P: It’s almost midnight and we’re not through the A’s…
A: Do you have to like power up your jumps or something? Come on Alfred Chicken ….You bastard get up on that cheese. The first level consists of a block of cheese you can’t jump over. What does that balloon do. That I would actually like to know. And that fucking mouse got me again.
So apparently this game is impossible….what did I just do? I can totally…I tried to dive peck him but it didn’t work.
(Kills first enemy with a dive peck)
50 points bitches! That balloon apparently does nothing. This game would be wicked if I could figure out how the jumping system worked.
P: That is one DRIPPING alien. So, b is jump and a is gun, that is highly unintuitive. Well, and Alien killed me. Nope ust knocked me down…….oh it knocked me down again.
P: It makes a “you’re dead noise” every time you get knocked down. You clearly have a life meter. That’s annoying. I only have 30 bullets left.
A: This looks like Contra
P: Ehhh, it’s kind of a free roaming contra.

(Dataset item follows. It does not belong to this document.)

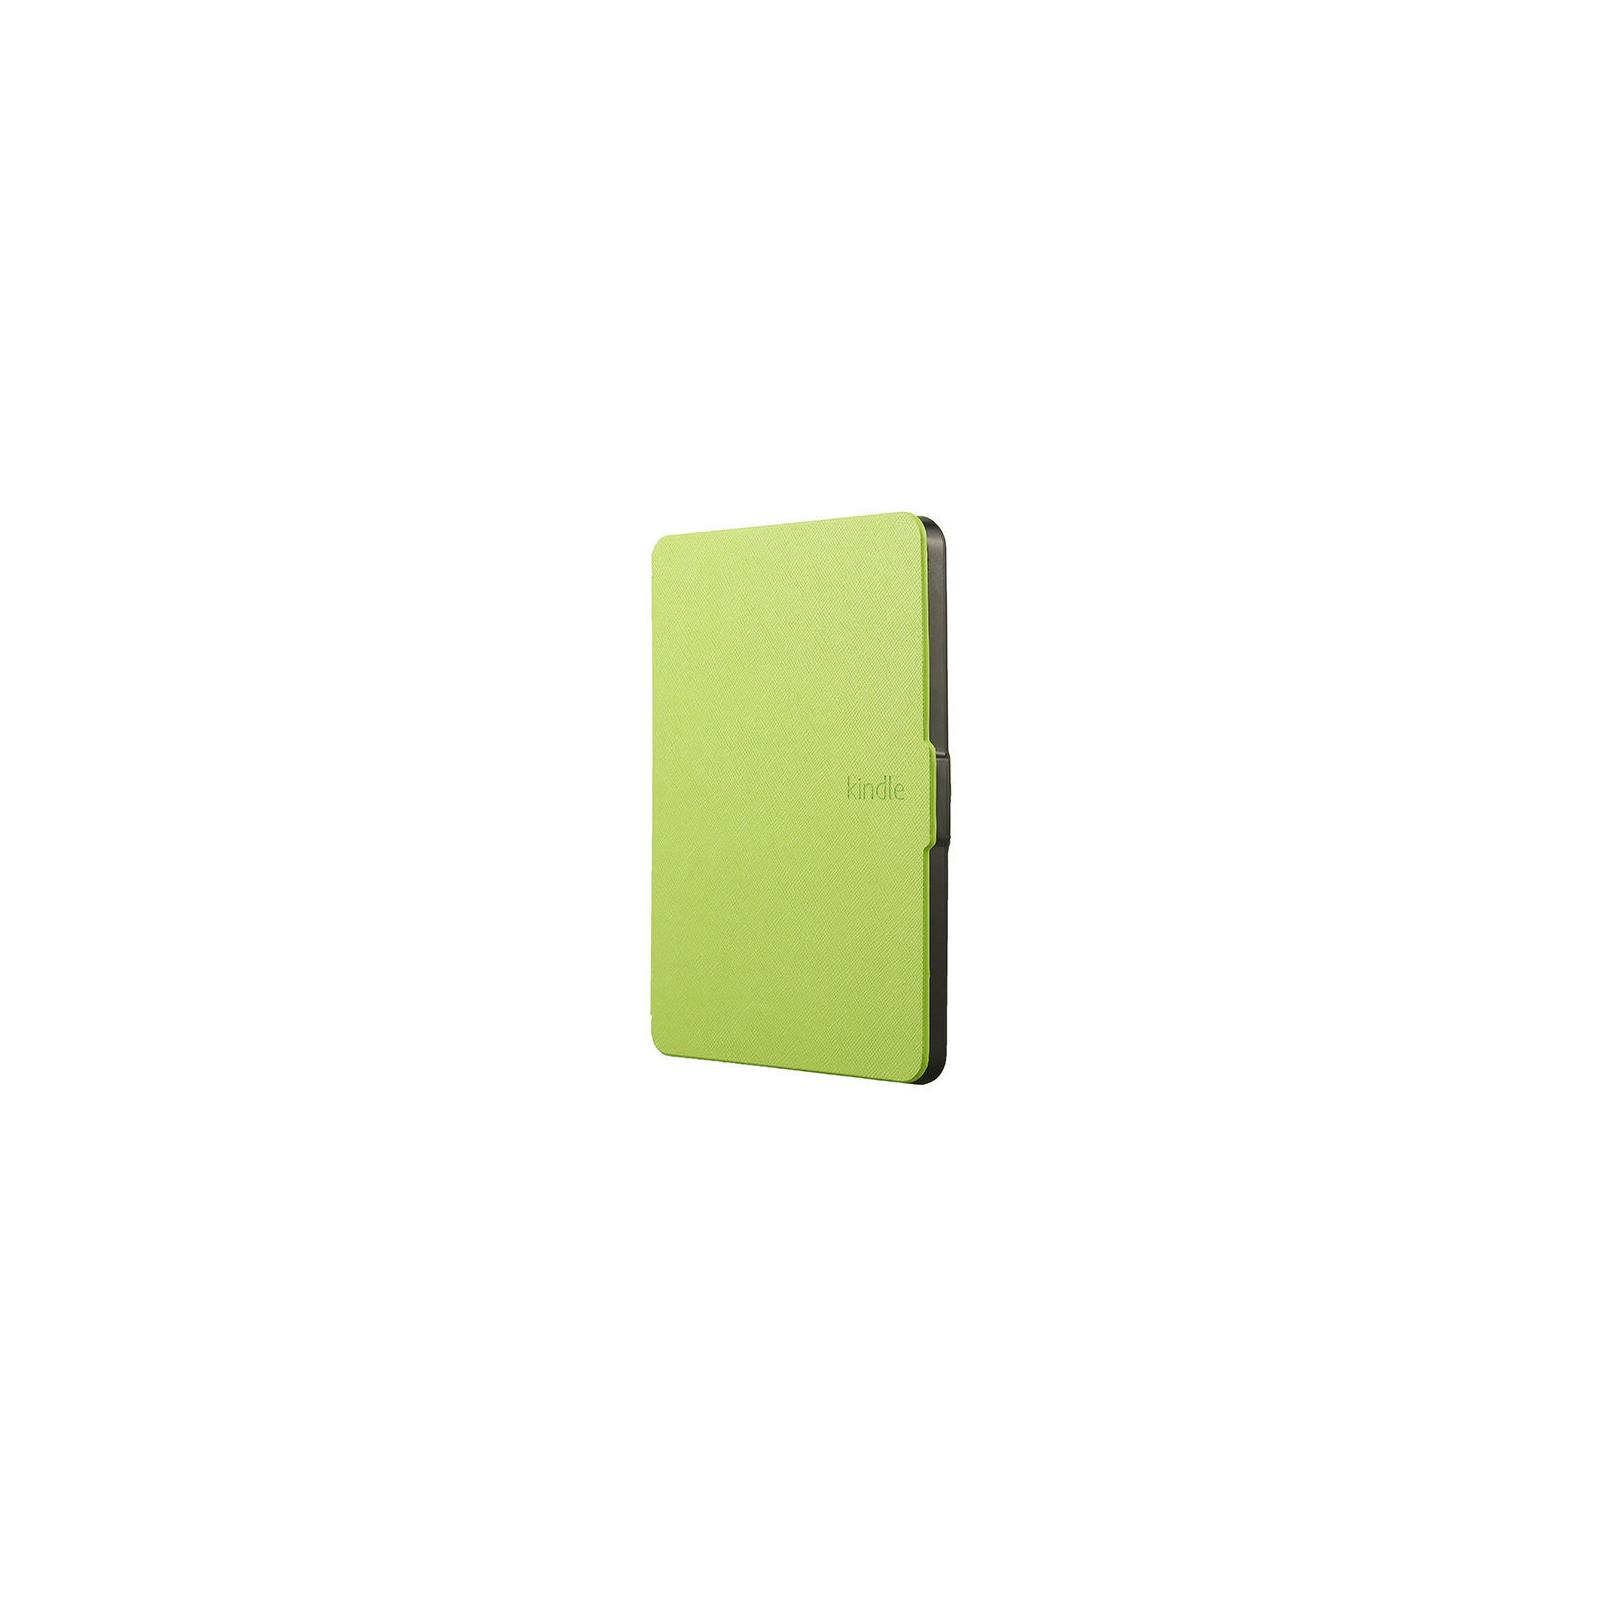 Чехол для электронной книги AirOn для Amazon Kindle 6 green (4822356754495) изображение 3

P: I think I’ve hit a dead end. I have grenades (A sudden realisation)
P: …..and a flamethrower, and a gun, which is out of bullets, and a…shotgun I guess? And…grenades. Ummm, still at a dead end.
A: There you go climb up the ladder.
P: This is where I came from. UH! Ok, now we’re making some progress. (after a switch reveals a path)
P: If you hold jump, he keeps jumping.
P: Apparently I’ve rescued 2 p-…time up, you failed to rescue….well then, moving on.